### What is expected
Once the line holding "歌舞伎座「秀山祭九月大歌舞伎」夜の部『伽羅先代萩』" is found in the entries below, transcribe exactly every line up to and including the one holding "Das Bild zeigt", but leave out the pictures.

### Available data
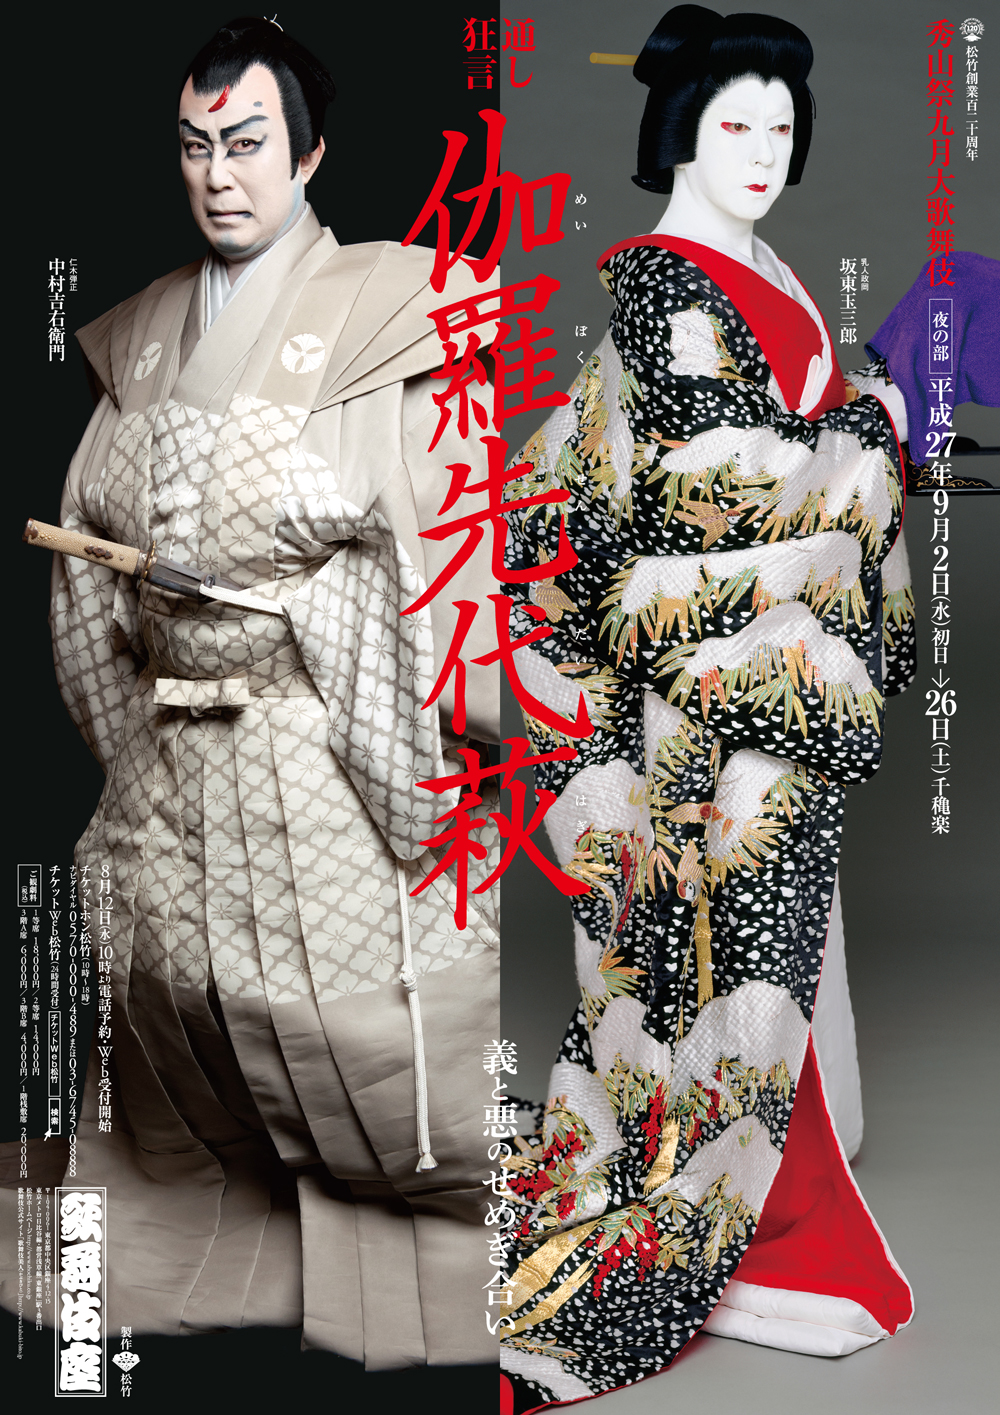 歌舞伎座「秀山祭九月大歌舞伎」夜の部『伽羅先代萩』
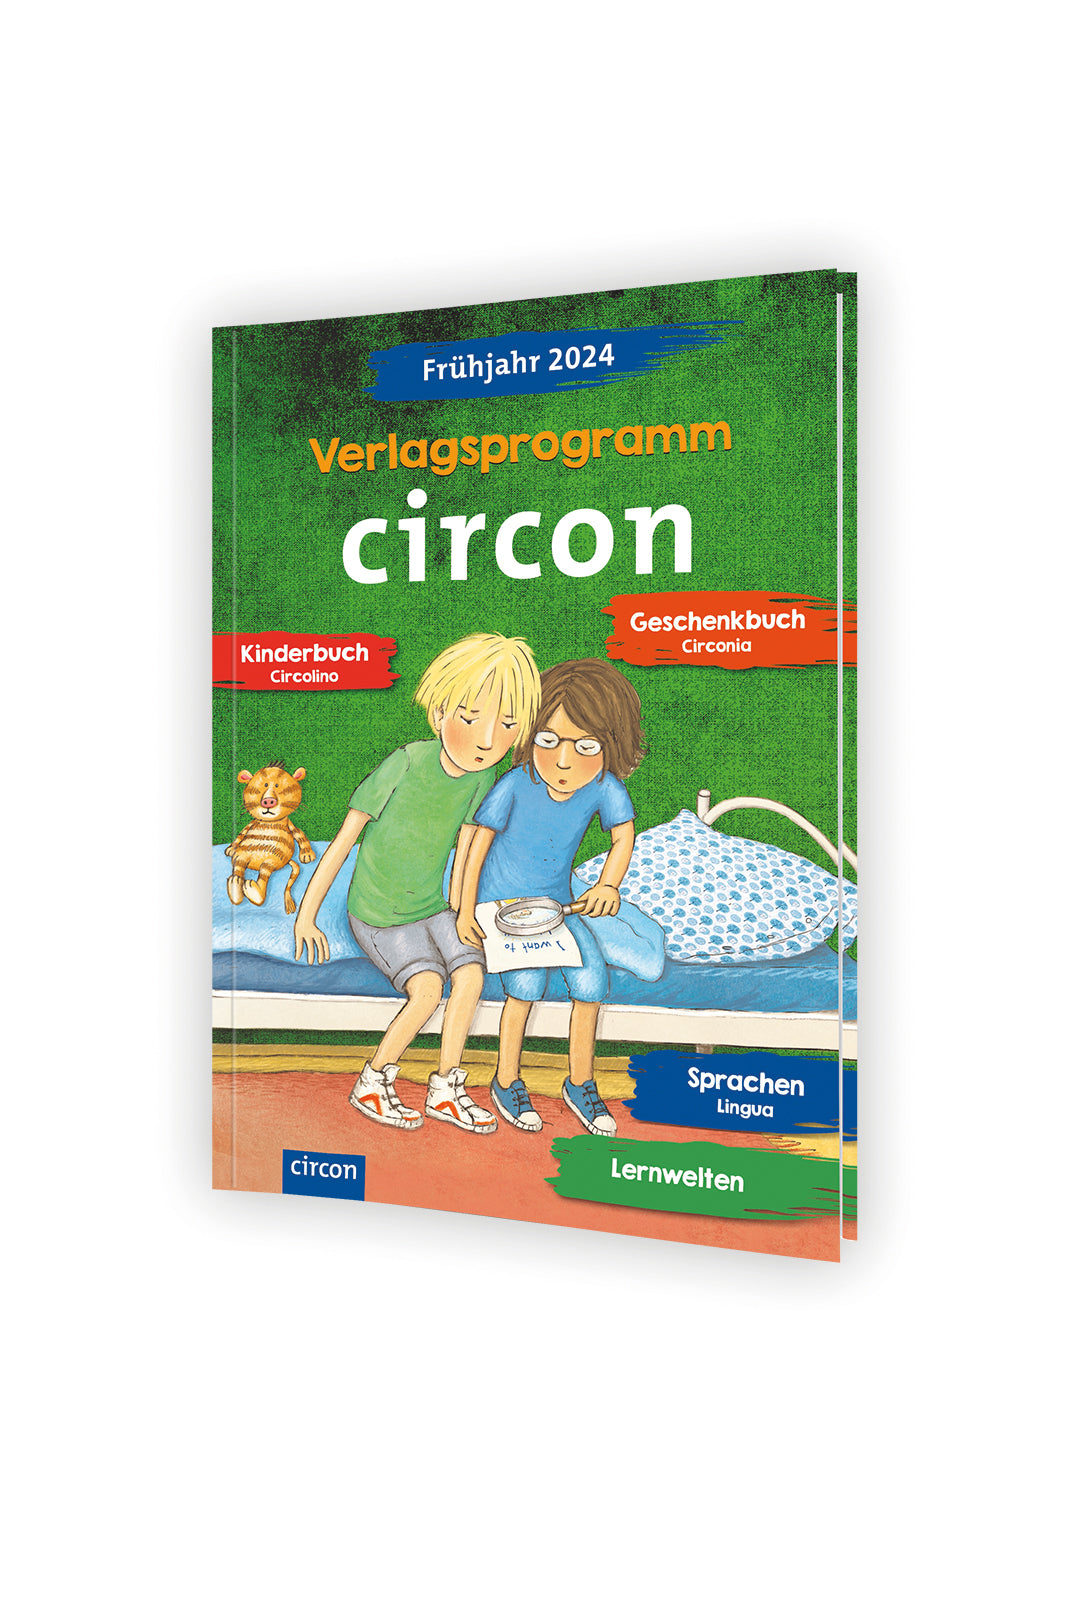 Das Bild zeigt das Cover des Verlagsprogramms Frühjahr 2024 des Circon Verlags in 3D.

--

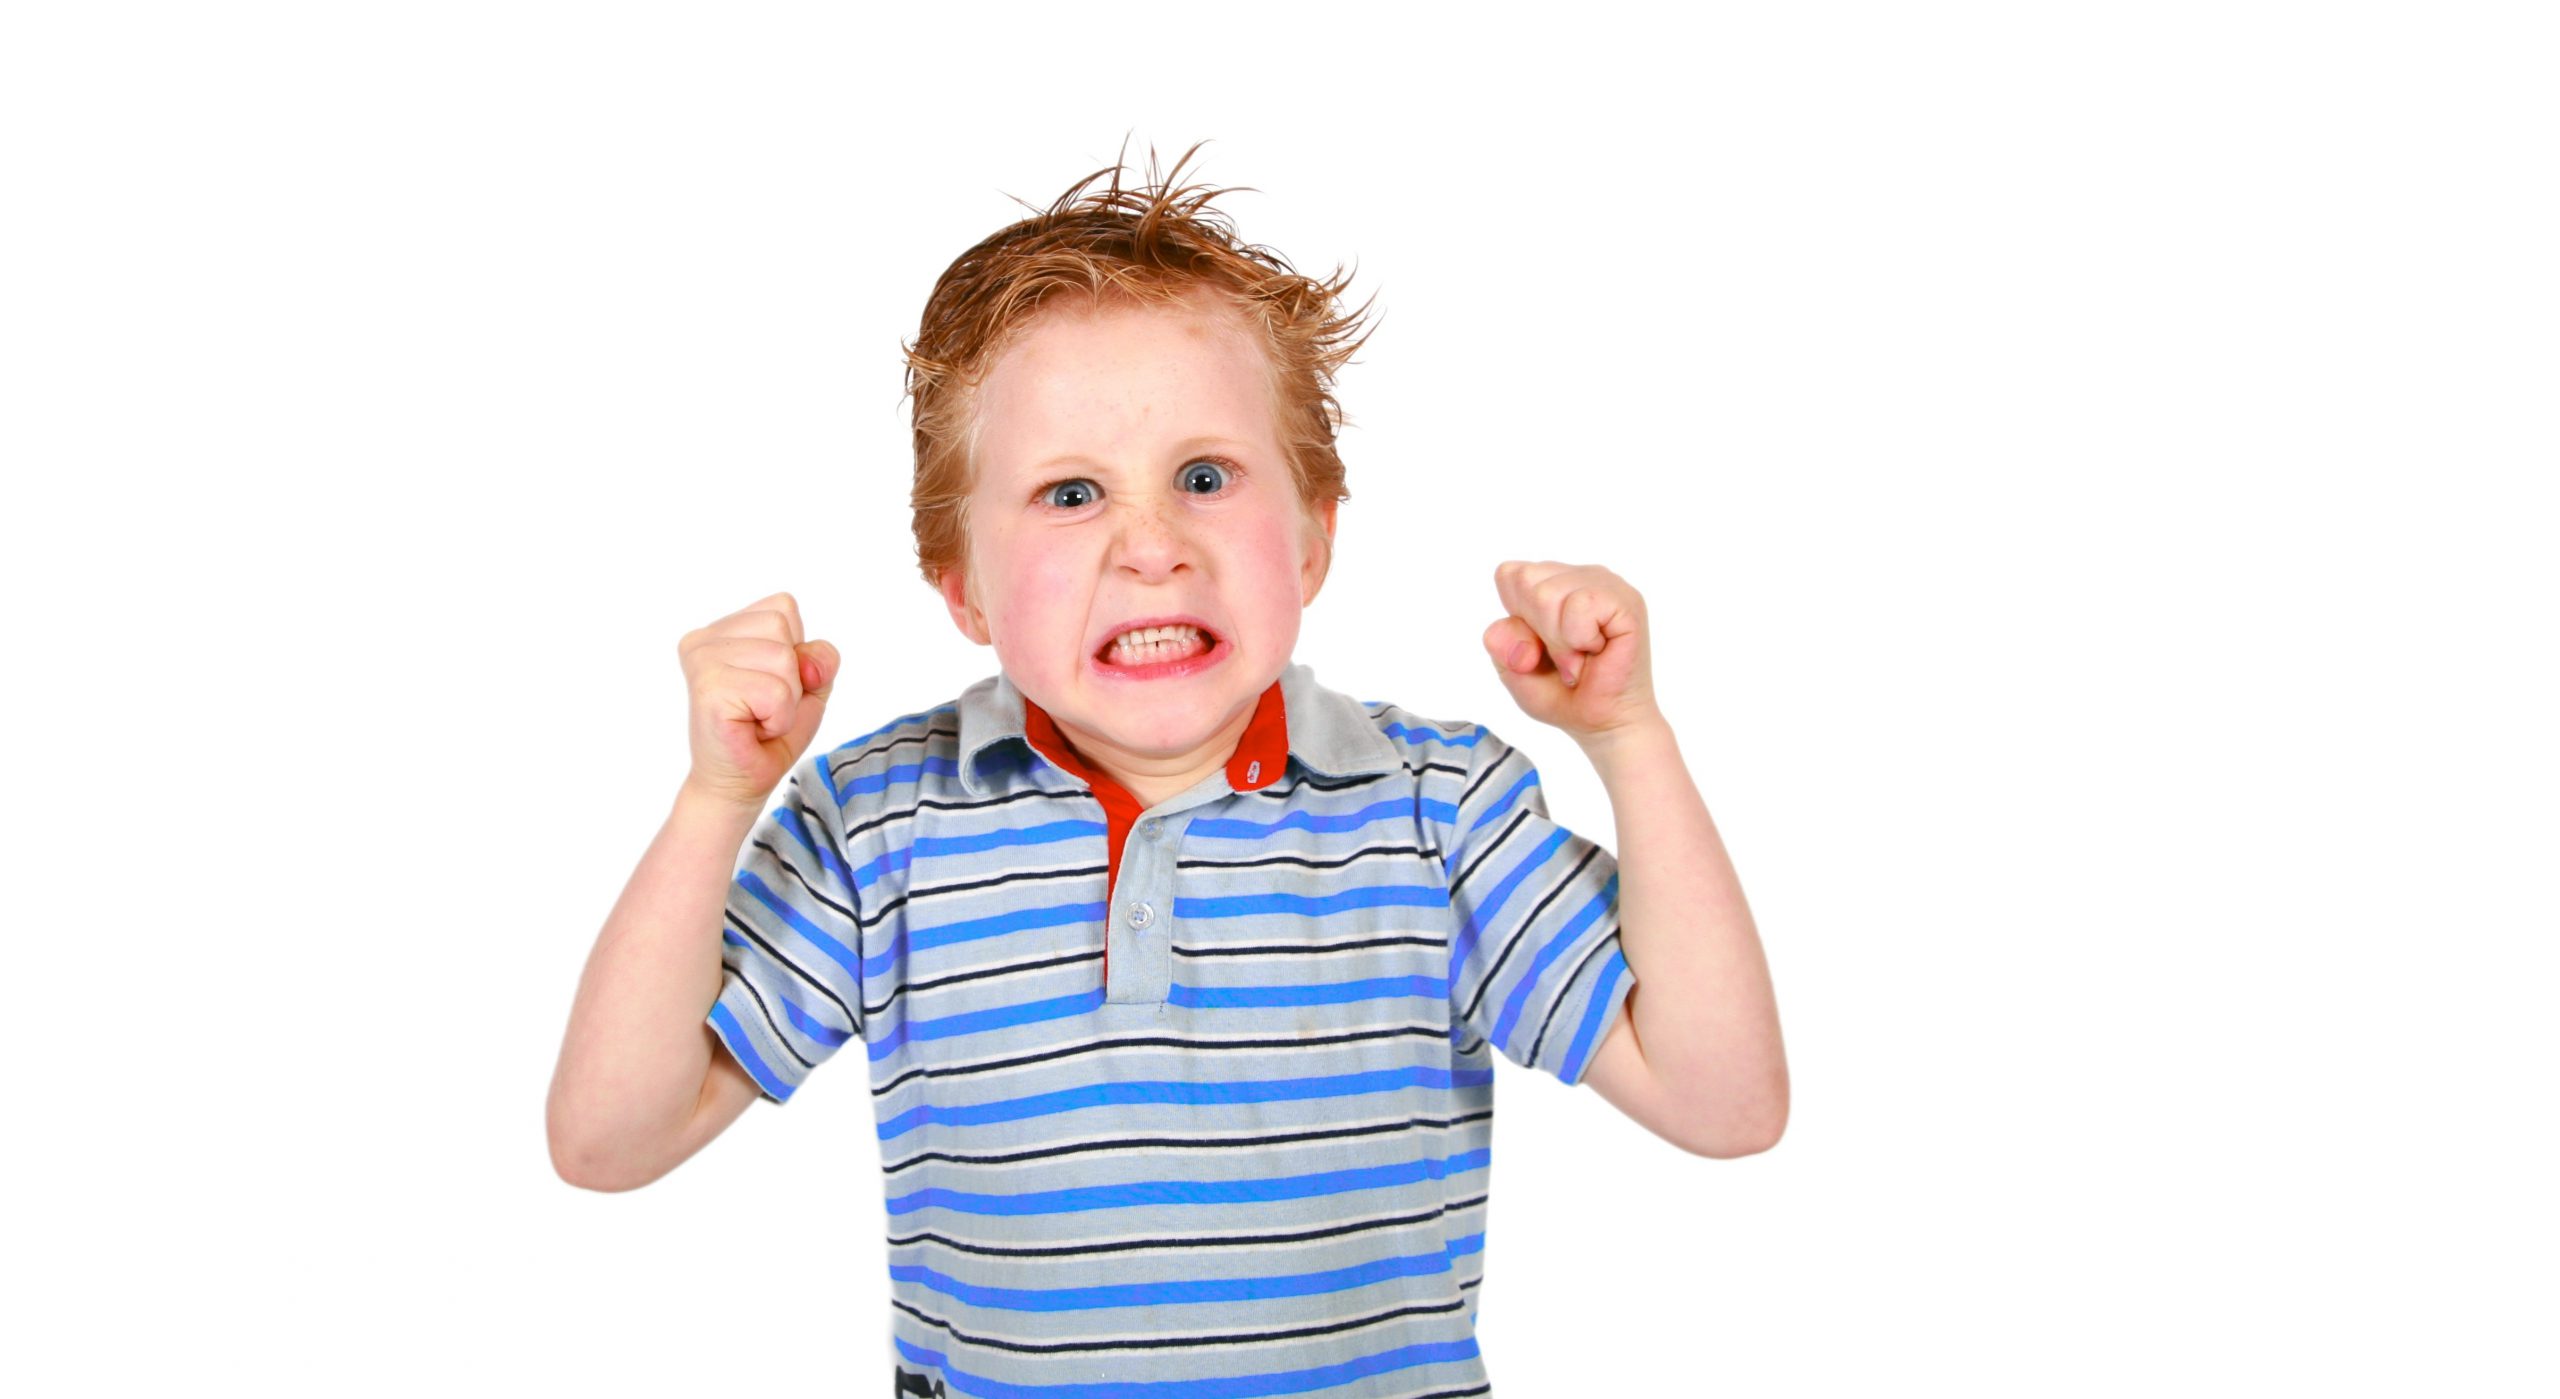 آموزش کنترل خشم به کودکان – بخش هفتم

### Task result
 歌舞伎座「秀山祭九月大歌舞伎」夜の部『伽羅先代萩』
 Das Bild zeigt das Cover des Verlagsprogramms Frühjahr 2024 des Circon Verlags in 3D.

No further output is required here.